Дети Исана (СИ) - Кхампхун Бунтхави - Страница 28
- Предыдущая
- 28/58
- Следующая
— Спросите, не жарко ли мне?.. — сказал Ян Луй. И сам ответил: — А меня мантра против огня защищает! — И засмеялся.
Яй Луй умело работал молотком. После проковки краев один из внуков кузнеца ухватил лопату клещами и вставил в рог наковальни, продолжая ровнять кромку молотком.
— С этой стороны вставим черенок, запоминай! — сказал старый кузнец Куну.
Лезвие лопаты снова отправилось в горн.
— Долго ее будут калить? — спросил удивленный мальчик.

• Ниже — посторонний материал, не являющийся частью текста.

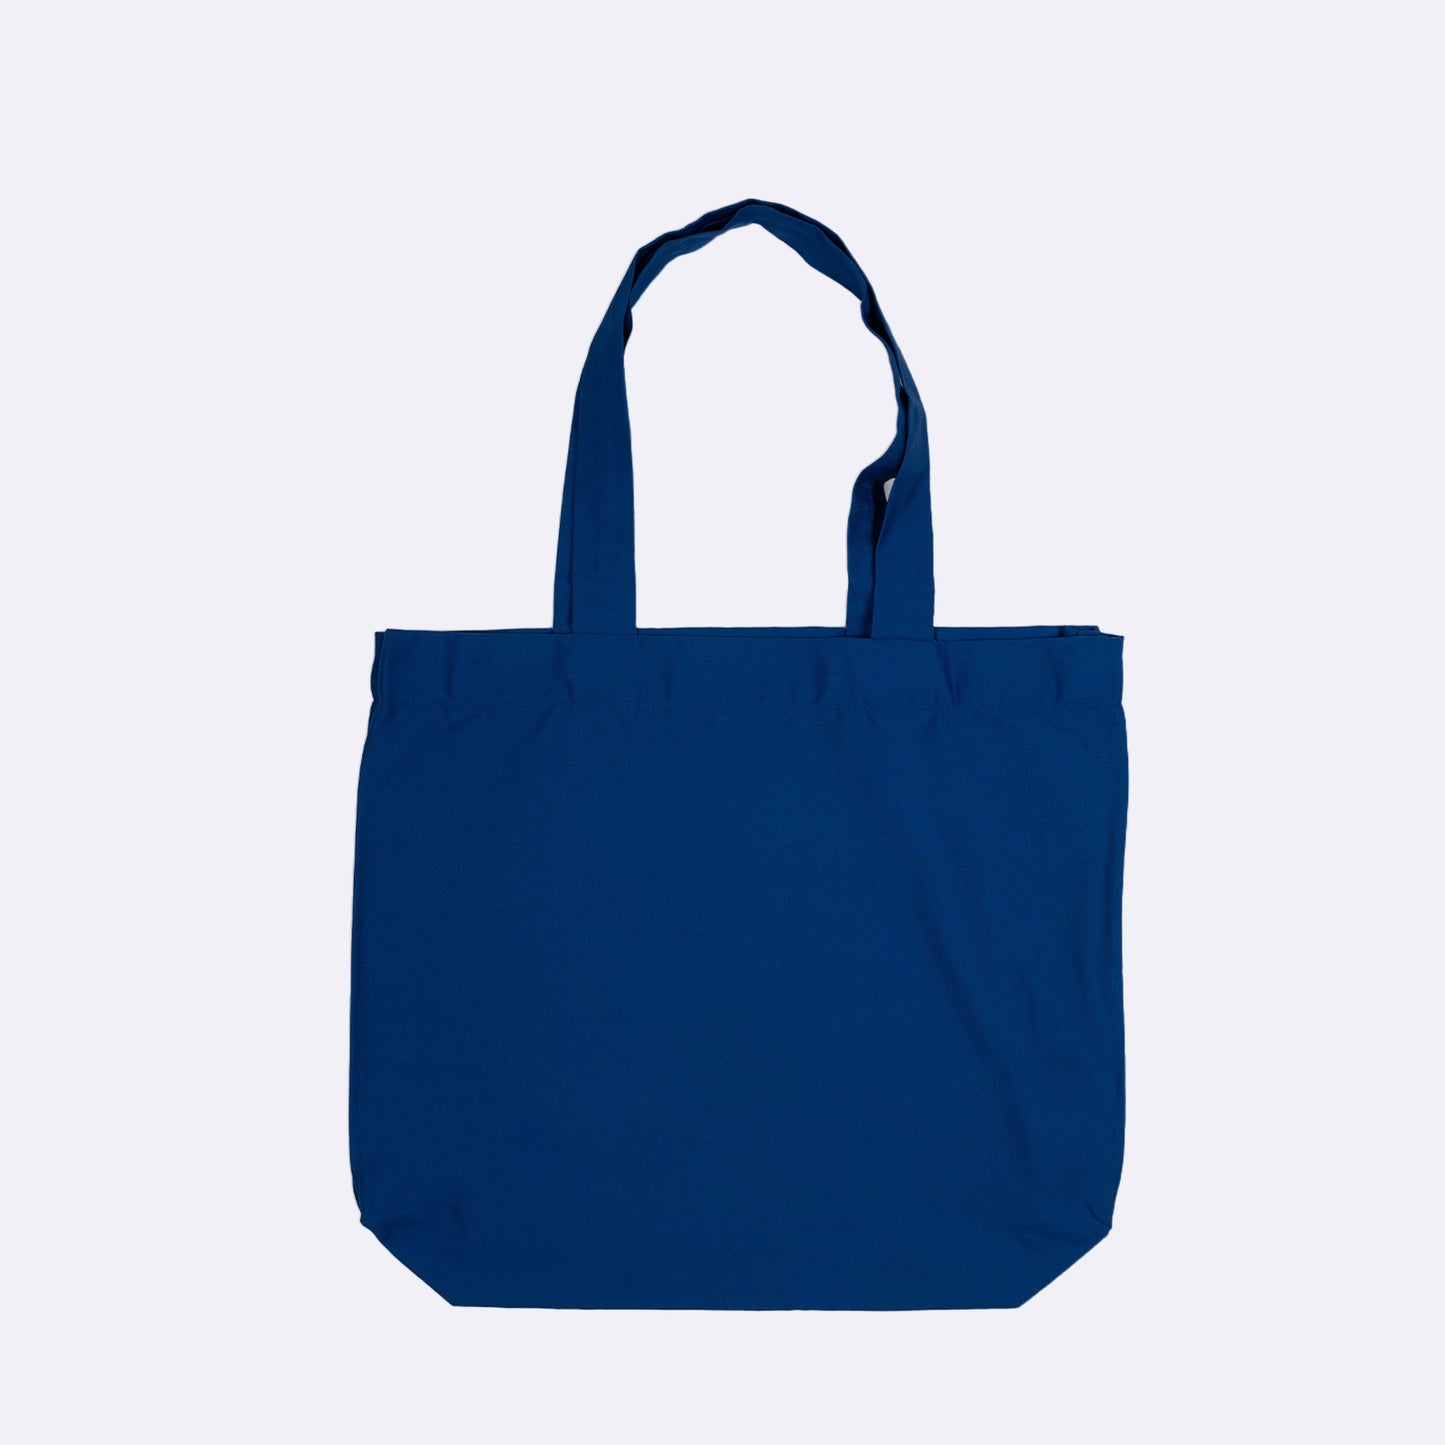 MGV15 Tote Bag Azul

— Пока не станет красной. Потом остудим в воде и заточим с помощью напильника.
— Сейчас покажу, как это делается, — сказал внук кузнеца, отирая пот со лба.
Тем временем пришел черед ножа. Юноша достал его клещами и положил на наковальню. Отец Куна захотел самостоятельно проковать нож от пятки клинка до кончика лезвия. Справлялся он не хуже кузнеца. Искры летели в разные стороны.
— Неужели не обжигает? — спросил Кун.
— Не жарче, чем идти по песку в полдень, — ответил отец с улыбкой.
Старый кузнец рассмеялся, вытащил самокрутку, спрятанную за ухом, и прикурил от печи, пуская кольца дыма. Отец передал молоток Куну и объяснил ему, как нужно бить. Кун крепко сжал рукоятку молотка двумя руками и застучал со всей силы. Отец остановил мальчика и вернул молоток кузнецу.
— Вот и молодец, что попробовал. Раньше твой отец приходил и ковал вместе со мной.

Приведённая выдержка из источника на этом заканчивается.